Jordan Smith Jr.

No. 23 – Arkansas Razorbacks
- Position: Point guard / shooting guard
- Conference: Southeastern Conference

Personal information
- Born: September 11, 2007 (age 19)
- Listed height: 6 ft 2 in (1.88 m)
- Listed weight: 205 lb (93 kg)

Career information
- High school: Paul VI Catholic (Chantilly, Virginia)
- College: Arkansas (2026–present)

Career highlights
- National high school player of the year^{[which?]} (2026); McDonald's All-American (2026);

= Jordan Smith Jr. =

American basketball player (born 2007)

Jordan Robert Smith Jr. (born September 11, 2007) is an American college basketball player for the Arkansas Razorbacks of the Southeastern Conference (SEC). He was a five-star recruit, earning the 2025 FIBA Under-19 World Cup Defensive MVP and 2026 National High School Player of the Year honors as a senior.

==Early life==
Smith was born on September 11, 2007. At age four, he became interested in basketball after watching his father, Jordan Sr., play in a local Washington, D.C. league. He attended Stuart-Hobson Middle School and St. Francis Xavier School in Washington, D.C. before entering Paul VI Catholic High School in Chantilly, Virginia, where he became a top basketball player.

He missed some of his freshman season due to injury, but then led Paul VI Catholic to the Washington Catholic Athletic Conference (WCAC) championship as a sophomore in 2023–24. In 2024–25, Smith averaged 18.9 points, 6.4 rebounds, and 4.0 assists per game while helping Paul VI Catholic to a repeat title, with Smith scoring 29 points in a four-point victory in the championship. For his performance, he was selected MaxPreps Junior All-American and the MaxPreps National Junior of the Year.

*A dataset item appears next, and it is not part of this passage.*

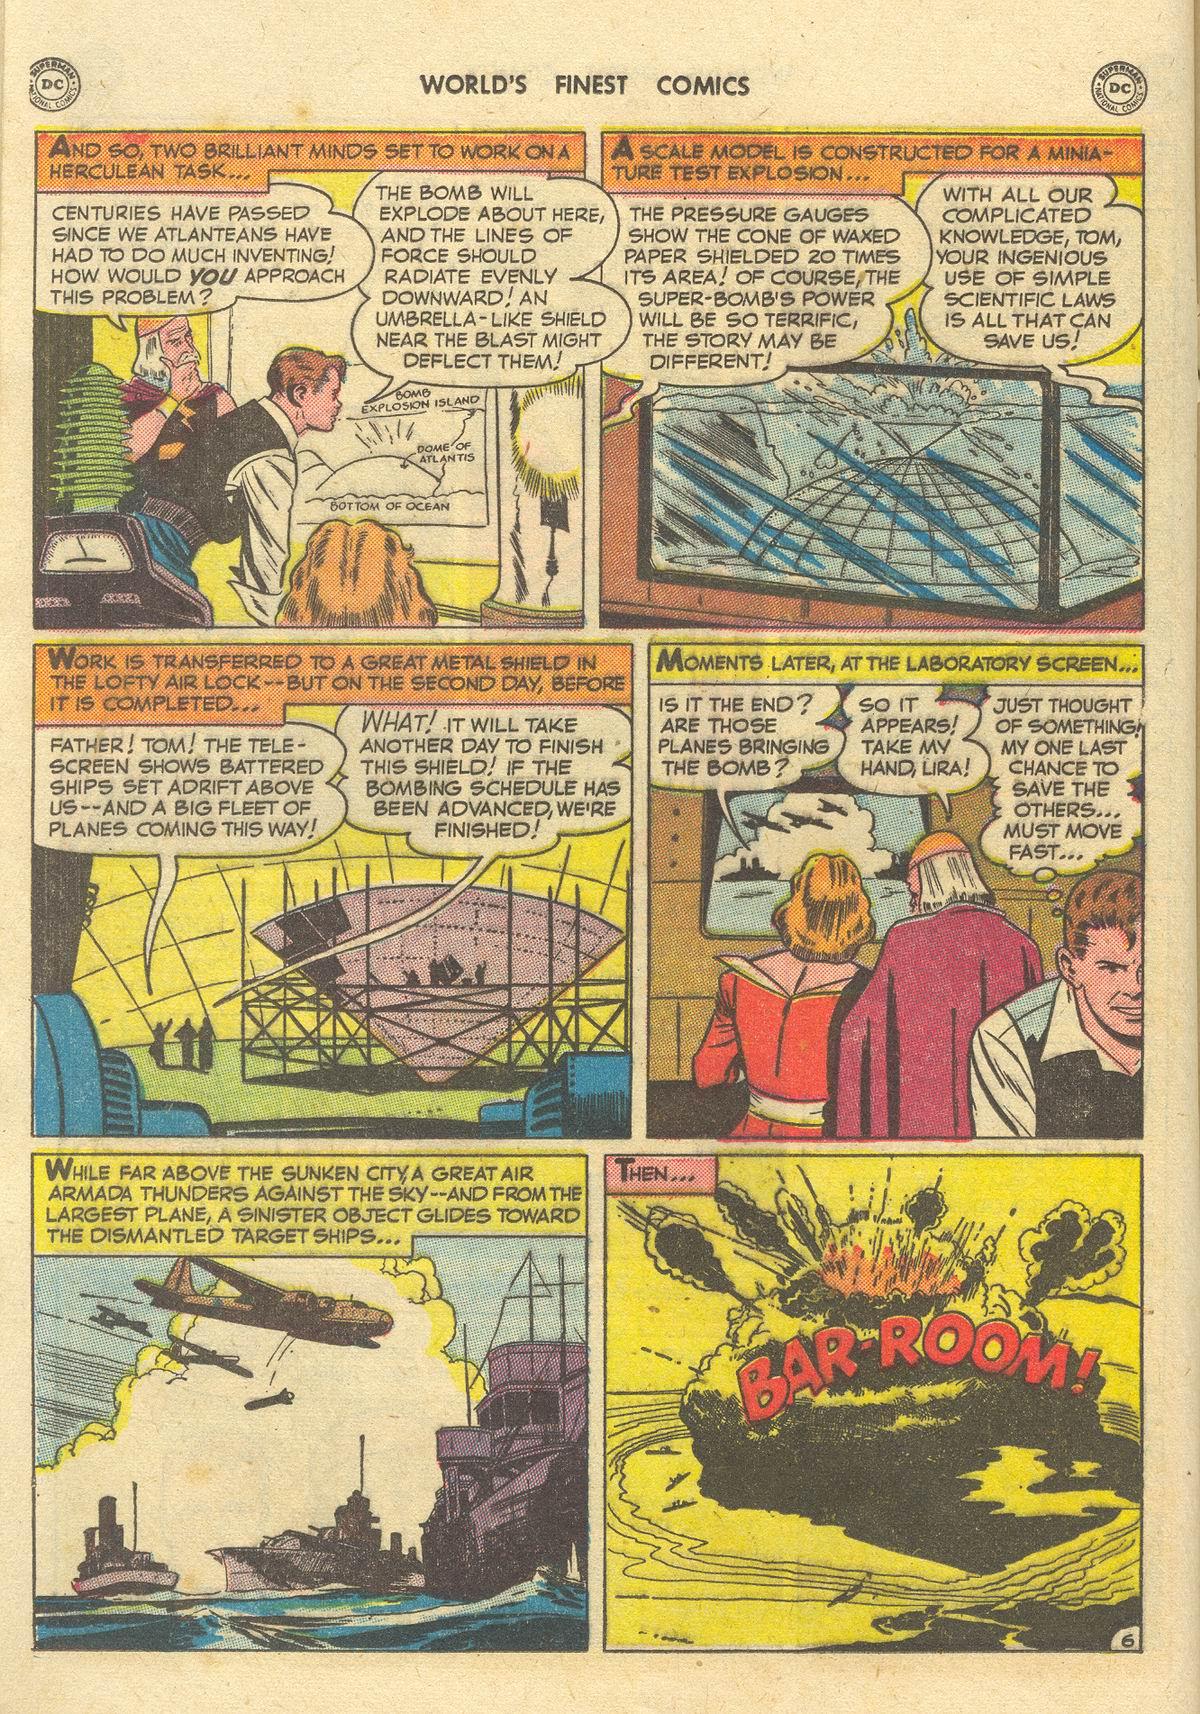 Read online World's Finest Comics comic -  Issue #51 - 34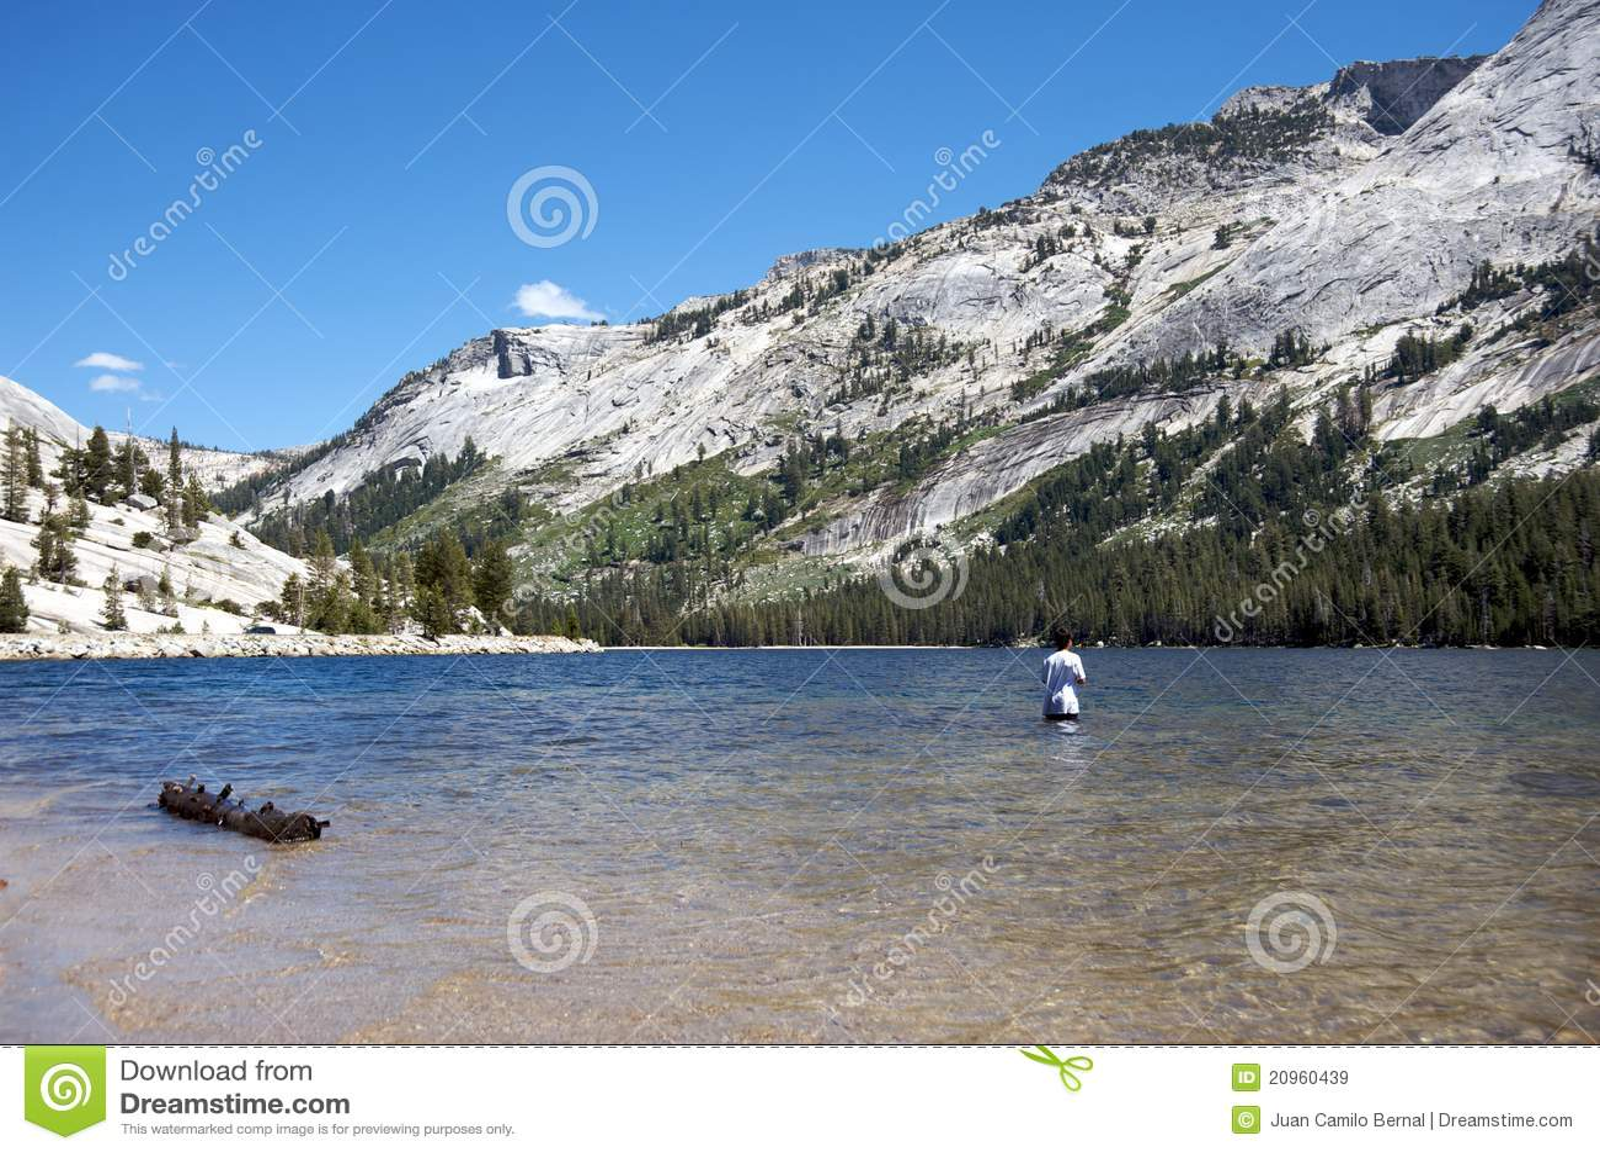 Teen fishing in yosemite royalty free stock images image for Fishing in yosemite

Smith also was a top player in the Nike Elite Youth Basketball League (EYBL). A member of Team Takeover, he helped them to the Peach Jam championship in 2022, the Peach Jam title in 2023, and in 2024, averaged 12.1 points and 5.7 rebounds as Takeover reached the semifinals.

In his senior season, Smith averaged 26.6 points, 6.3 rebounds, 5.6 assists and 3.2 steals per game while shooting 56.0 percent from the field, 36.9 percent from 3-point range and 72.4 percent from the free throw line. He led Paul VI to win the City of Palms Classic. Paul VI also won both the WCAC (Washington Catholic Athletic Conference) championship and the VISAA (Virginia Independent Schools Athletic Association) Division 1 State championship. Smith was the consensus national player of the year, winning all of the following awards: Gatorade National Player of the Year, MaxPreps National Basketball Player of the Year, Naismith Prep Player of the Year Award, Mr. Basketball USA, The Sporting News high school basketball player of the year, and the USA Today High School Basketball Player of the Year

===Recruiting===
Smith is a five-star recruit and a top-five player nationally in the class of 2026. In December 2025, Smith announced that he had narrowed his college recruitment to Arkansas, Duke, Georgetown, Indiana, Kentucky, and Syracuse. In February 2026, he committed to play college basketball for Arkansas, becoming one of the highest-rated recruits in program history.

College recruiting
| Name | Hometown | School | Height | Weight | Commit date |
| Jordan Smith Jr. SG | Washington, DC | Paul VI Catholic (VA) | 6 ft 3 in (1.91 m) | 195 lb (88 kg) | Feb 13, 2026 |
Recruit ratings: Rivals: 247Sports: ESPN: (98)
Overall recruit ranking: Rivals: 3 247Sports: 2 ESPN: 3
Note: In many cases, Scout, Rivals, 247Sports, On3, and ESPN may conflict in their listings of height and weight.; In these cases, the average was taken. ESPN grades are on a 100-point scale.; Sources: "2026 Team Ranking". Rivals. Retrieved October 6, 2025.;

==International career==
Smith trained with the United States national under-16 basketball team in 2023. In 2024, he was selected to the U.S. national under-17 team for the 2024 FIBA Under-17 Basketball World Cup, where he helped the U.S. win the gold medal. At the World Cup, Smith averaged 5.9 points and 2.1 rebounds. In June 2025, he was named to the national under-19 team for the 2025 FIBA Under-19 Basketball World Cup, and earned defensive MVP honors.